But during pretty much the exact same time, a solar boom has occurred, as  you’ll se in the chart at the right.

It shows percentage growth of various forms of electricity  generation.

Solar is up 700% since 2001.

Fossil fuels and nuclear barely even register.

We’ve lately been documenting the rise of solar, including a new world record in solar efficiency and how solar  generation has already begun wreaking havoc on utilities.

But we wanted to chronicle how solar has been able to explode in the past  decade.

No one thing has helped push solar over the top.

It’s more like a bunch of events building to a head.

1.  Climate change got real

Even before Columbia University astrophysicist James Hansen published his warning in 2005 that climate change was  spiraling out of control — and then was told by the Bush Administration to keep  quiet — there was concern about rising temperatures and more extreme  weather.

The very first line of the New York Public Service Commission’s 2003  introduction to their proposed Renewable Portfolio Standard is, “We are  increasingly concerned with the effects on our climate of fossil-fired  generation.”

According to Hansen’s model, ocean heat content — the amount of heat, as  measures in Watts, in the ocean — had increased 600% in the previous decade:


2.  Oil and gas prices started increasing

When they first introduced a renewable portfolio standard, the New York Public Service Commission noted that energy  prices were becoming increasingly volatile after a decade of stability

Here’s what they were talking about (for reasons you’ll see in a moment we’ve  extended out the dates): first is natgas, second is oil

natural gasFRED






Gas prices began to feel effects from shut-ins caused by hurricanes,  while oil prices shot upward as a result of global demand.

Plus, peak fossil fuels apparently had come back on everyone’s minds.

“Inasmuch as there is a finite supply of natural gas and other fossil  fuels, over-dependence on such will leave the State vulnerable to price  spikes and possible supply disruptions,” the commission said.

3.  Everyone got a renewable fuel standard

Twenty nine states plus Washington DC now have enforceable renewable  portfolio standards (RPS), meaning a percentage of an electricity  supplier’s sales or new generating capacity must be green. The two  previous steps help explain why more than half of states with RPS adopted their  standards between 2004 and 2007, according to a University of Michigan study.

Sixteen of these have specific requirements for solar (the  biggest solar generators like California don’t even need them).



4.  And everyone was ordered to get net metering

Net metering allows a homeowner with a renewable power supply to sell  electricity back to their utility. The Energy Policy Act of 2005 mandated that all public utilities offer net metering upon  request.

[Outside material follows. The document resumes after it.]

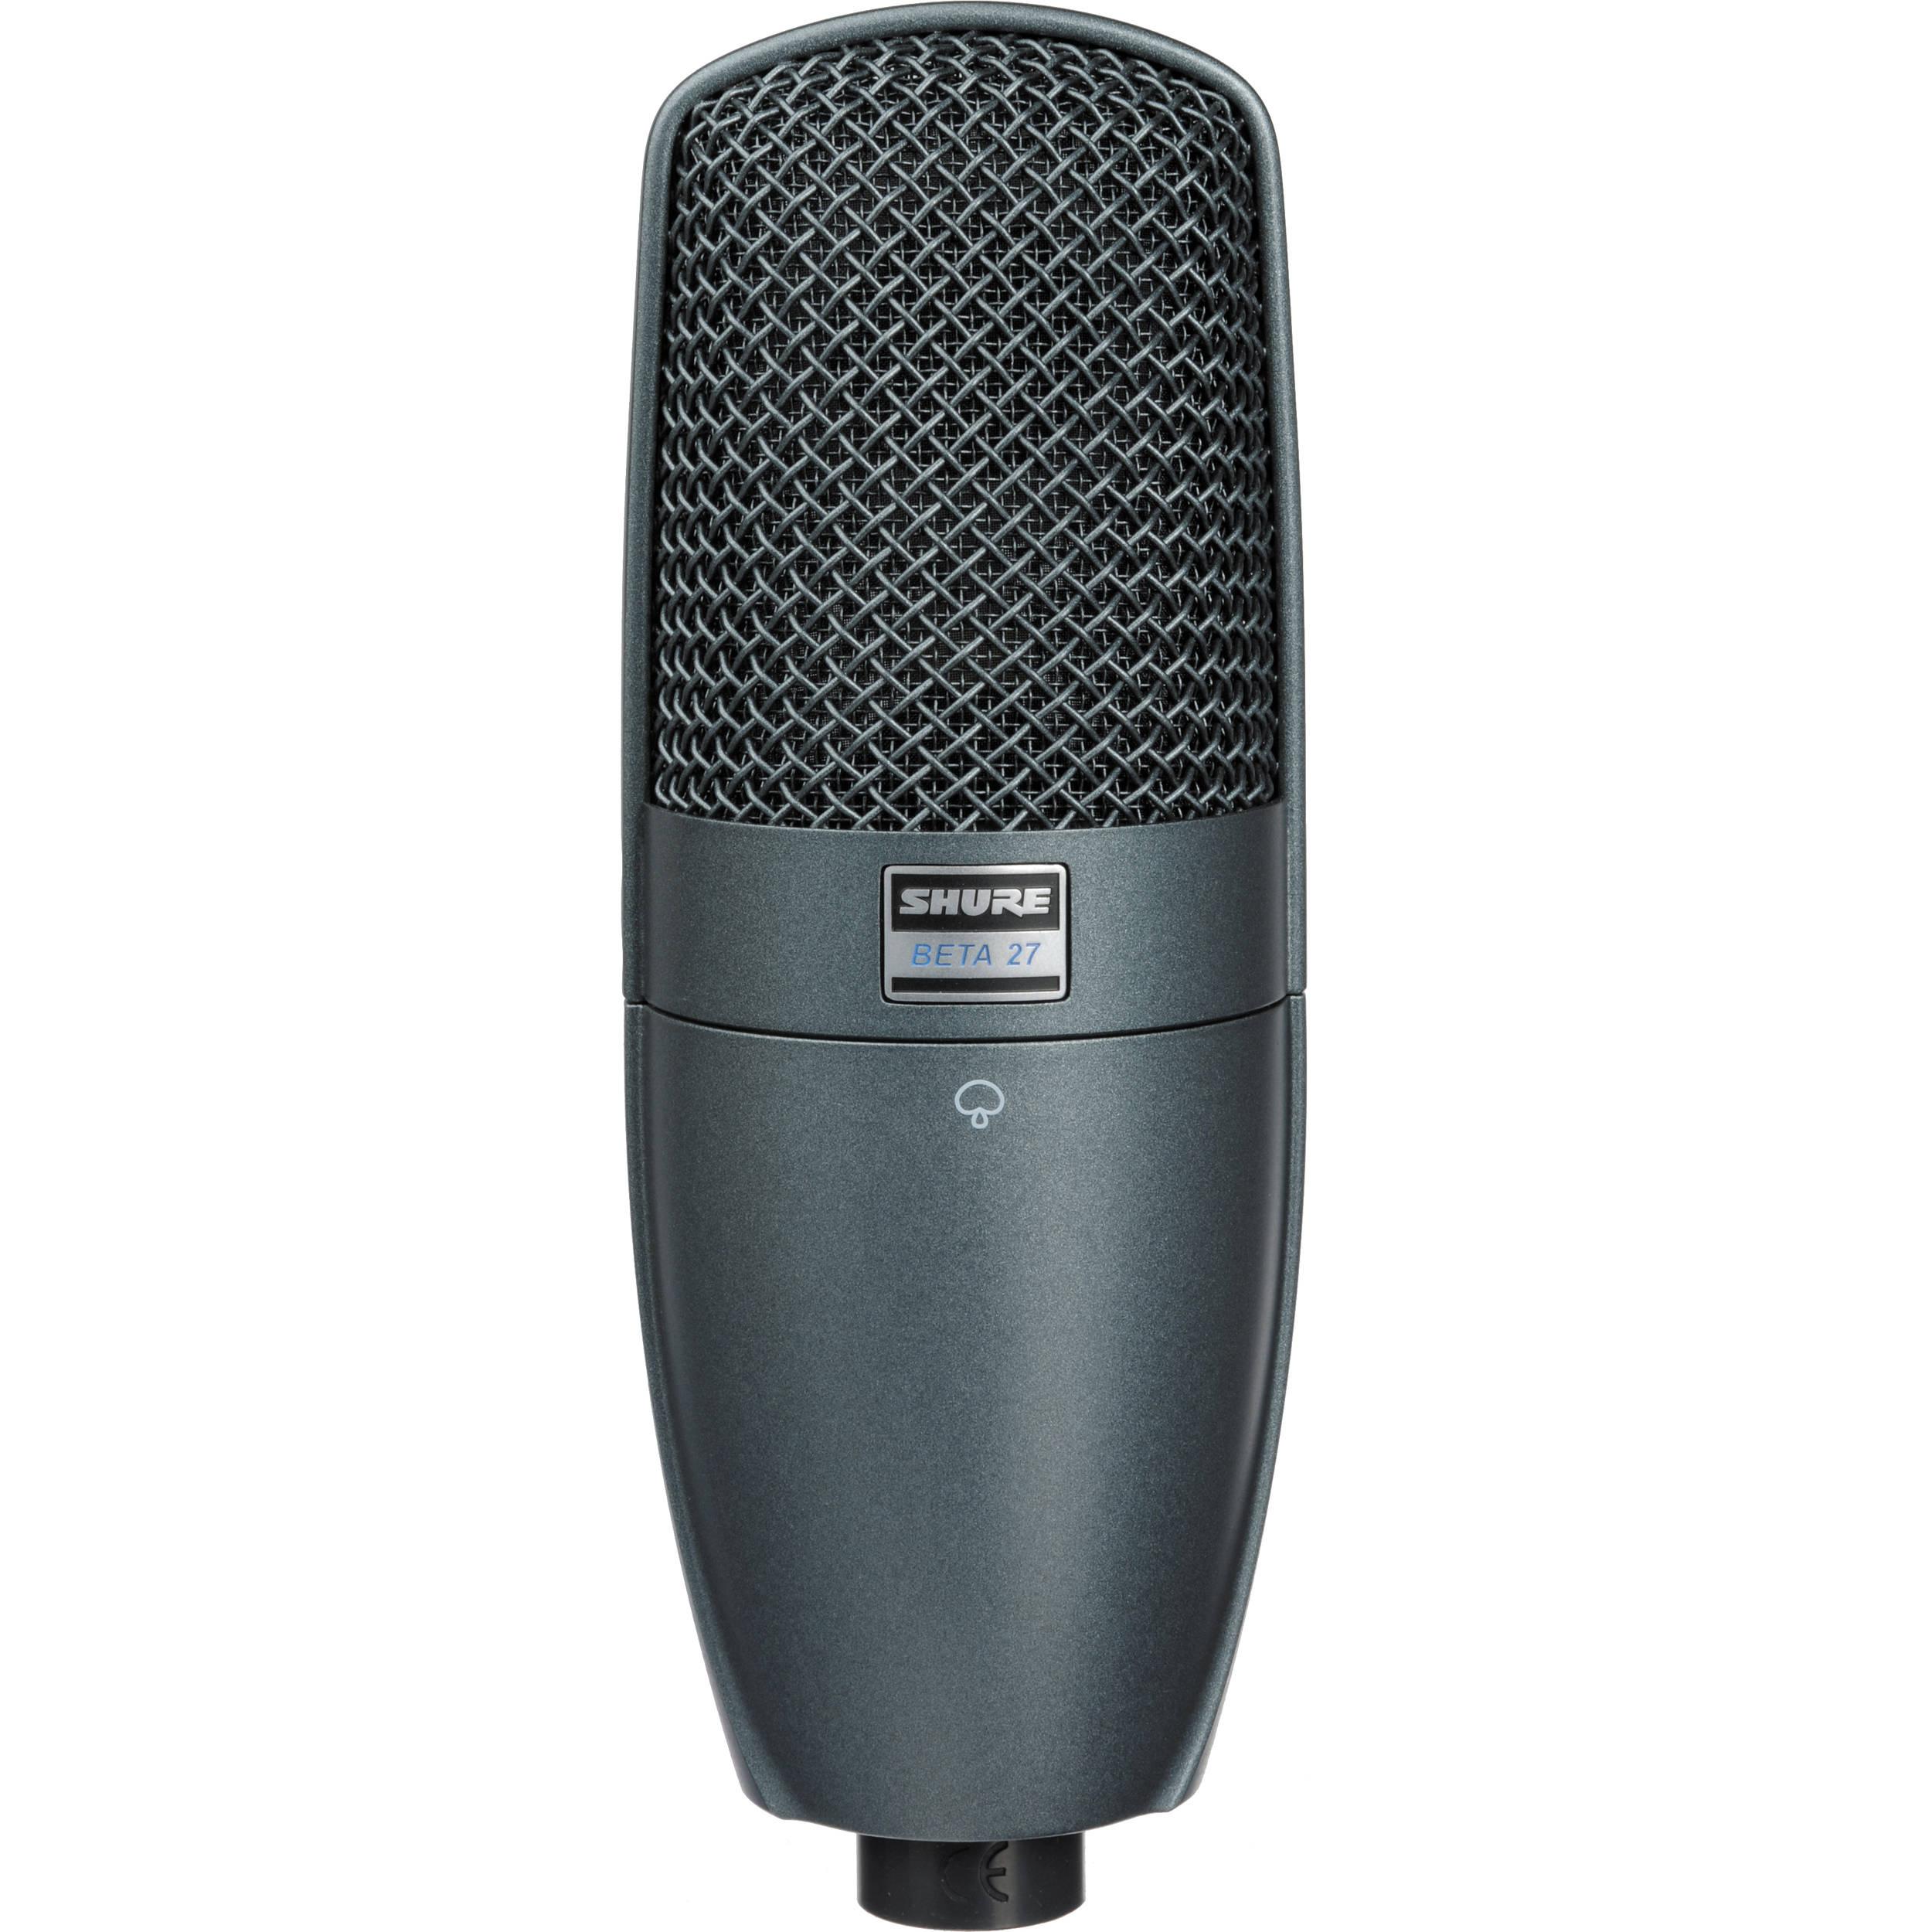 Shure BETA27 Condenser Microphone

5.  Solar incentives get packed into The Bailout (yes that  Bailout)

The Energy Policy Act also created federal incentives for solar —  a 30% investment tax credit (ITC) for commercial and residential  solar energy systems. Between 2006 and 2007, the amount of solar electric  capacity in the U.S. doubled.

The ITC, as originally conceived, was only supposed to last until that year, though it ended up  getting an initial one-year extension.

But then the ITC received a major expansion — in Emergency Economic Stabilization Act of 2008, aka The  Bailout, of all places:

  • It got extended for eight years
  • A monetary cap on eligible residential installations was eliminated
  • Companies and and utilities paying the alternative minimum tax could now  qualify for the credit

6.  European subsidies unleashed a global tidal wave of cheap solar  panels

Of all the items on this list, this may be the most consequential.

For almost a decade, European countries poured billions of dollars into their  renewable sector, with solar often leading the way. Germany was at one point spending €1.5 billion a year on its  solar industry.

It paid off there: Between 2000 and 2008 photovoltaic generation increased  from 32 million to 4.4 billion kilowatt hours.

germany solarREUTERS/Kai Pfaffenbach

Sheep graze between the solar panels of a solar park in  Waghaeusel, 20 km (12 miles) southeast of Karlsruhe, March 21, 2011.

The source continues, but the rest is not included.